Published December 11, 2019
A report published by The Washington Post shows that UD administrations lways knew that the war effort in Afghanistan was failing but they never shared this with the public. — AFP/File
A report published by The Washington Post shows that UD administrations lways knew that the war effort in Afghanistan was failing but they never shared this with the public. — AFP/File

WASHINGTON: US lawmakers are demanding a full and open congressional debate on Afghanistan after a media report revealed that three US administrations repeatedly misled Ameri­cans on the Afghan war.

“After 19 years, we need to have a full, open debate on whether or not we should still be at war,” said Senator Rand Paul, a Kentucky Republican. “This is not the war we voted for in 2001.”

Another Republican, Senator Josh Hawley of Missouri, urged the Senate Armed Services Committee to “hold hearings on the state of the Afghanistan conflict and the infuriating details and alleged falsehoods reported” by The Washington Post on Monday. Senator Hawley is a member of the committee.

Congressman Max Rose, a New York Democrat, went a step ahead and called for an immediate withdrawal of US troops from Afghanistan. “The time to end this war and bring our troops home honourably is now,” he said.

Congressman Max Rose, a New York Democrat, calls for an immediate withdrawal of US troops from Afghanistan

“We must end the vicious, lethal cycle of misinformation and unspecified, unsupported strategies,” said Senator Richard Blumen­thal, another member of the Senate Armed Services Committee. Senator Blumenthal, a Connecticut Democrat, also called for public hearings with US Defence Secretary Mark T. Esper and other officials.

On Monday, The Post published a massive trove of confidential government documents obtained under the Freedom of Information Act following a three-year legal battle. The documents show that US administrations always knew that the war effort in Afghanistan was failing but they never shared this with the public.

In one of the documents, Douglas Lute, a retired general and former Afghan war czar for the Bush and Obama administrations tells a congressional watchdog: “We were devoid of a fundamental understanding of Afghanistan — we didn’t know what we were doing. What are we trying to do here? We didn’t have the foggiest notion of what we were undertaking.”

He argued that “if the American people knew the magnitude of this dysfunction,” they would have never approved the war.

The report points out that: When President George W. Bush said the US would be in Afghanistan until Al Qaeda was “brought to justice”, the timeline he cited was “a month” to a “year or two”.

So far, 775,000 US troops have been deployed to Afghanistan, many of them more than once. In 18 years of war, 2,300 died while 20,589 were wounded.

The Pentagon and USAID have spent $934bn to $978bn in Afghanistan, with more spent by the CIA and other agencies.

The US spent $133bn into developing Afgha­nistan, exceeding the cost of the Marshall Plan to rebuild Europe (adjusted for inflation).

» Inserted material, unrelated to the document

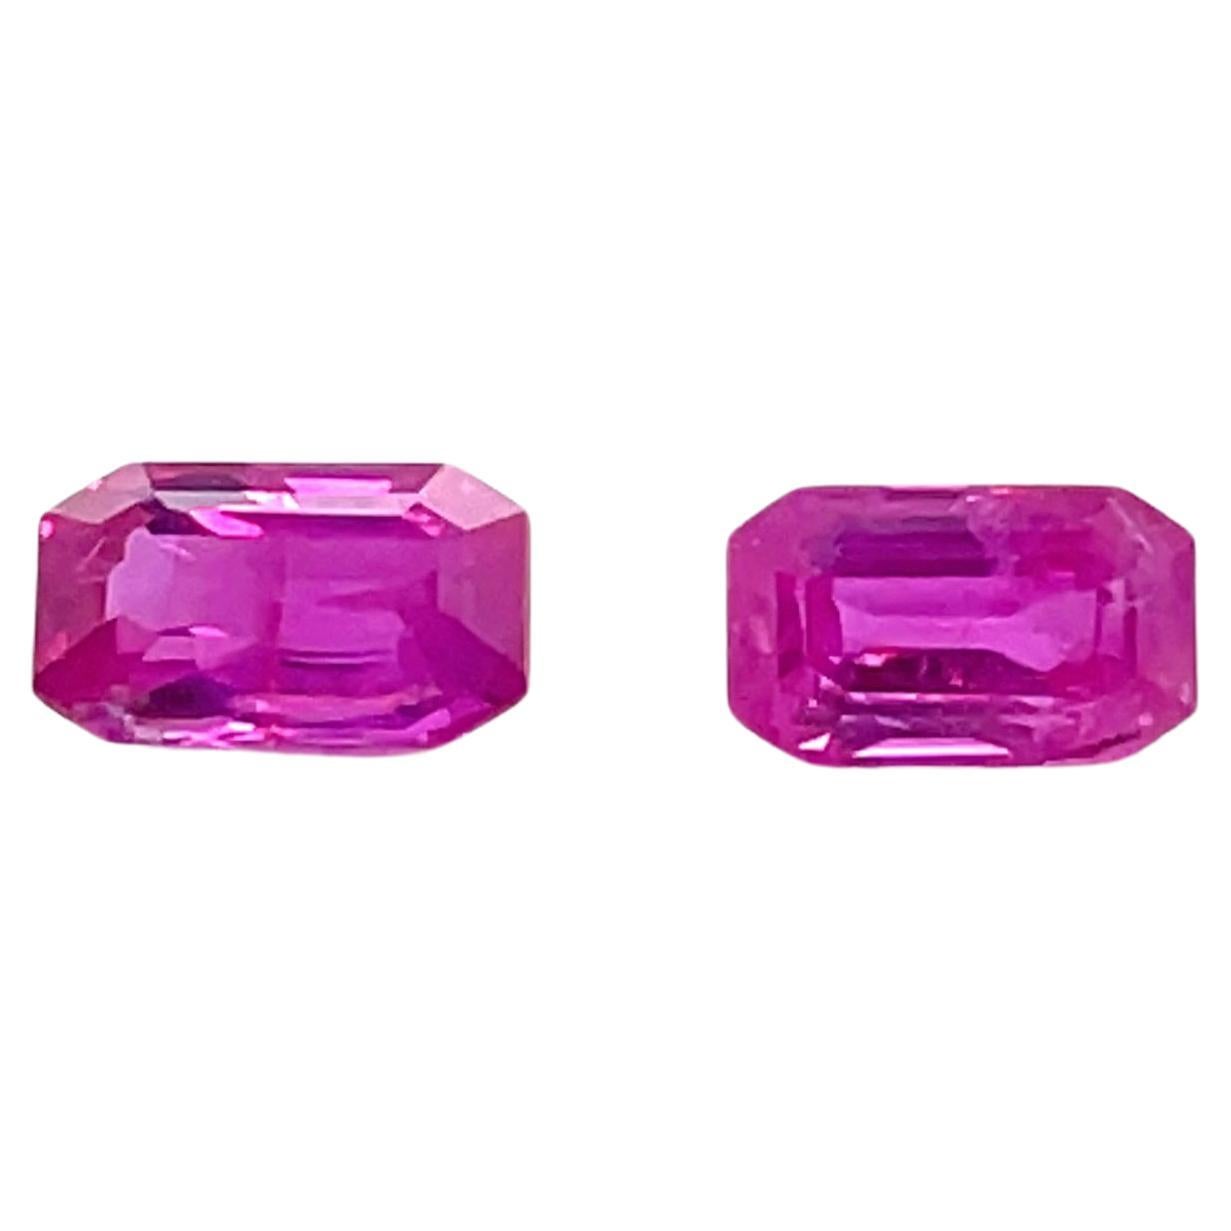 2 Rubies 2.22 Cts  For Sale

Opium production is spiking despite $8bn spent to fight it.

Afghanistan now contributes 82 per cent of the world’s supply. Just 35pc of Americans think the war effort “mostly succeeded,” while 49pc think it “mostly failed”.

The US still has 13,000 troops in Afghanistan.

Billions distributed to build up Afghanistan’s economy created a political “kleptocracy” that has destroyed trust in the government and will plague Afghanistan for years to come.

The US-trained Afghan security forces are “incompetent, unmotivated and rife with deserters”.

The report is based on interviews conducted by the Office of the Special Inspector General for Afghanistan Recons­truc­tion between 2014-2018.